The Katsu Chicken bao won the crown as the most beautiful of the three, crispy chicken katsu. The chicken was succulent with a nice crispiness, retaining the juices in a well balanced combination of crunch and moisture, pairing perfectly with the Japanese mayonnaise. In a word (or two), deliciously indulgent.

Moving on to the main course this time around, we opted for two of the main courses choosing the Gyūdon and the Butadon Rice Bowl. I had decent expectations for the Butadon rice bowl, as the last time I tried a rice bowl here was the very excellent chilli beef, as well as the Korean fried chicken, both were just plain delicious.

The Butadon Rice Bowl comes with Tare Glazed Moss Valley BBQ Pork (a flavored glaze), Koshihikari Rice, Burford Brown Egg Yolk, Chives, Radish, and La-Chilli Oil. yu. The pork was pretty good, tender presentation came together really well, except for the Koshihikari rice, it just didn’t taste good, it was supposed to be chewy and slightly sticky. Unfortunately, its texture was not good, hard and biting… as if it had been undercooked.
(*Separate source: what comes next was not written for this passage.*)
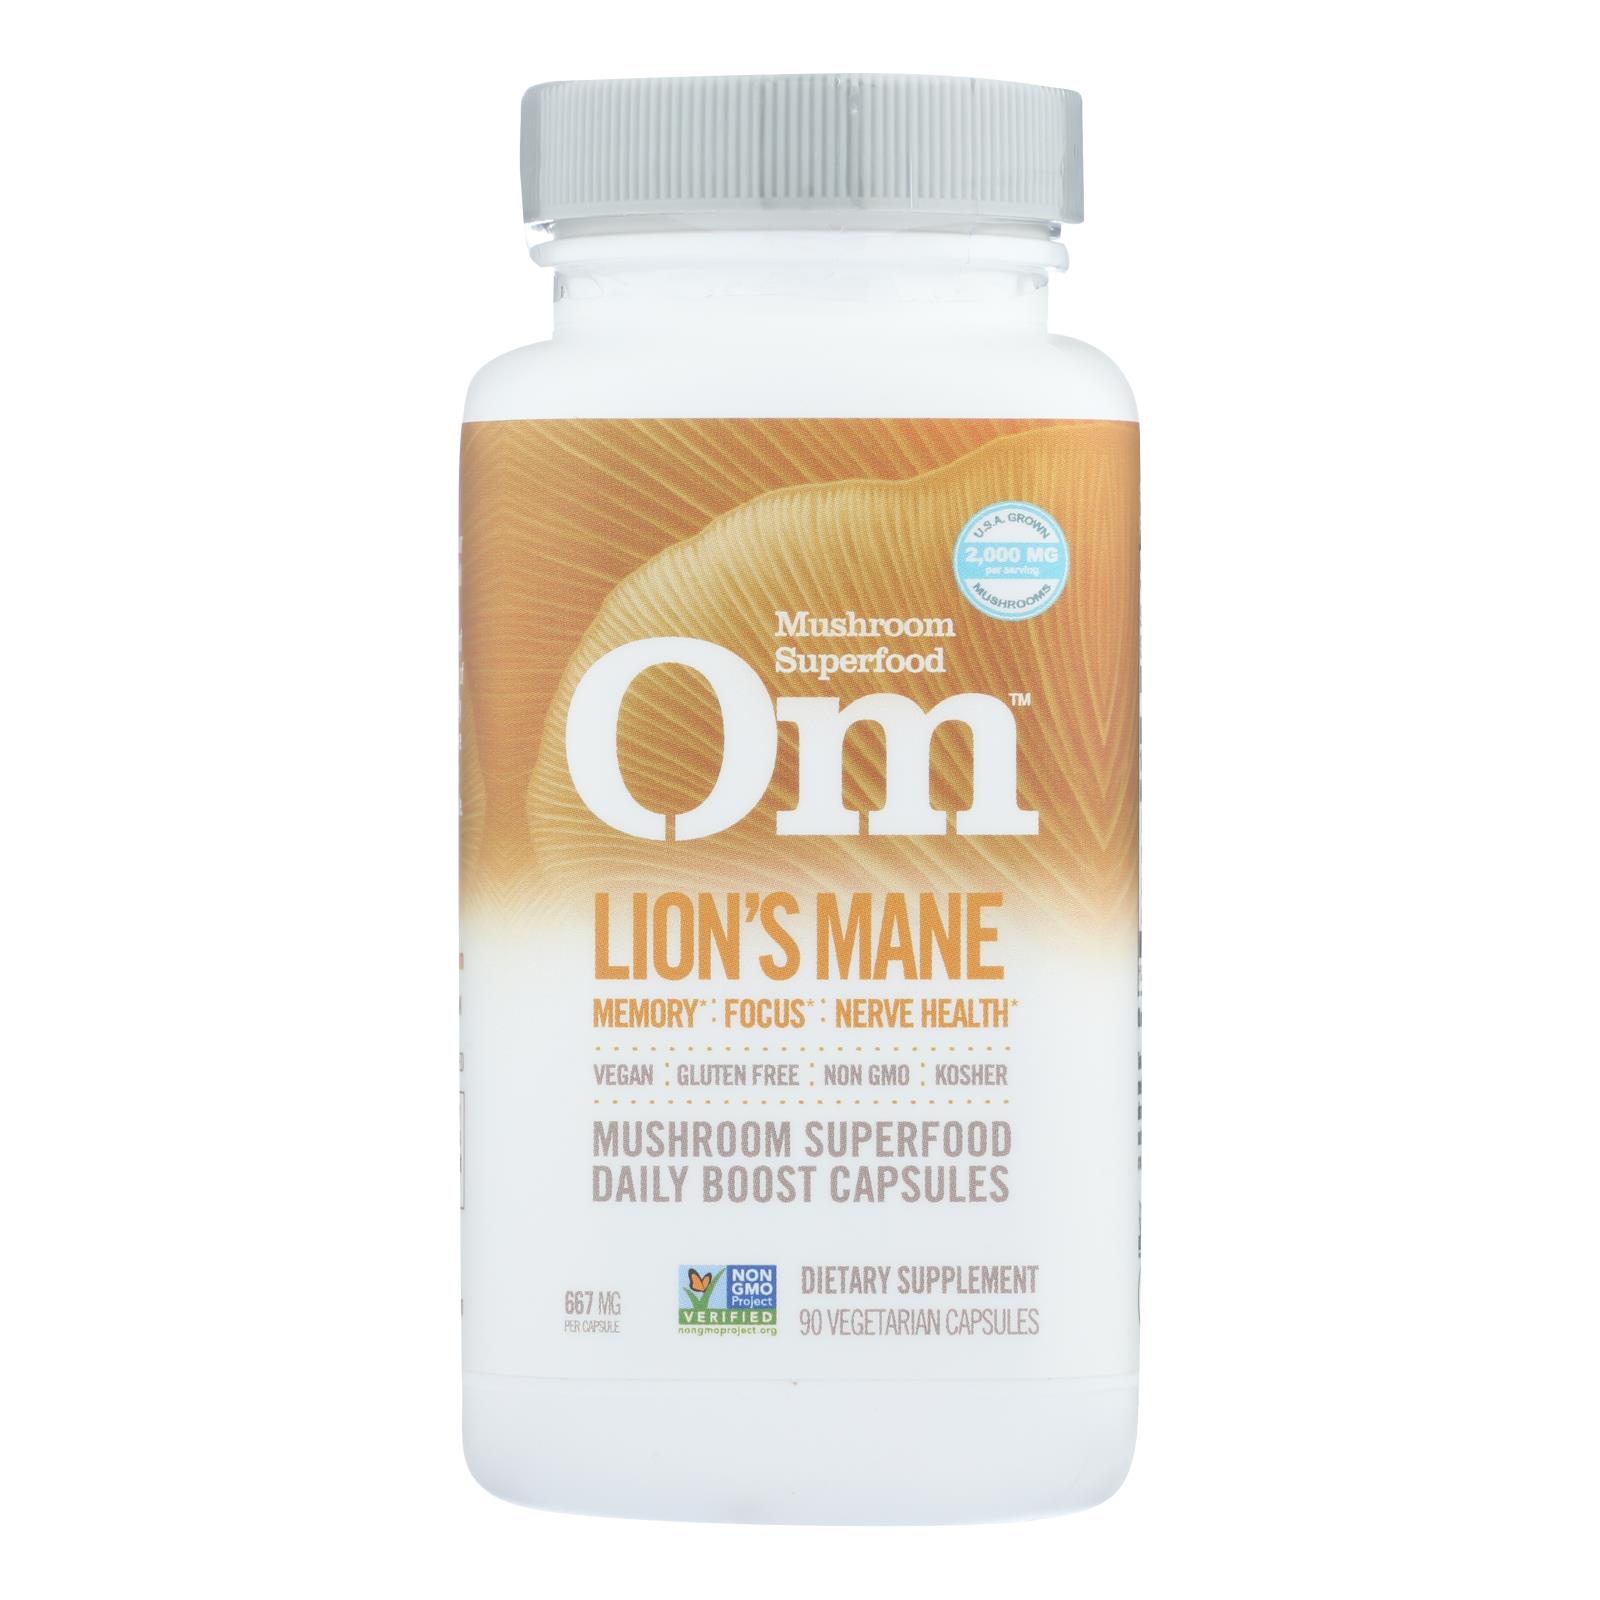 Organic Mushroom Nutrition - Mush Sprfd Lions Mane Cap - 1 Each - 90 CT

The food is always presented impeccably.

Our rice woes continued with the long-awaited Gyūdon, a £14 Bavette beef steak – read: flank steak – cooked on the aforementioned authentic barbecue, koshihikari rice, onions cooked in wagyu fat dashi, a another characteristic of the Burford brown egg yolk, served with crispy shallots. Crispy onions added a delicious crunch to the tender slices of Bavette rose beef, which was honestly delicious. Unfortunately, the dish was again let down by the Koshihikari rice. Sure, I could complain to the chef and point out my issues with the food, and in almost all cases you should. But time was running out and I couldn’t wait for a replacement dish.

Maybe I was annoyed by the disappointing BBQ mushroom bao and the disappointing Butadon rice bowl, in fact the rice in general was a huge disappointment, but I just couldn’t avoid the nagging feeling that it was so better when I had tried the food here before. Of the main dishes, the Gyūdon was the best only because of the flank steak with the crispy wagyu onion toppings. In total the meal was £41.00 not including drinks ordered from another of the outlets. It was for three bao rolls for starters and two bowls of rice for main, which is not too bad and about average.

Although this time may not have been the best, Konjo is more than capable of serving up delicious food, and that was great in my previous experience, but this time around he didn’t have it all fully met expectations.

From left to right, Gyūdon (with Burford brown egg yolk) and the Butadon Rice Bowl.
At £14, the Gyūdon is the most expensive dish on the menu.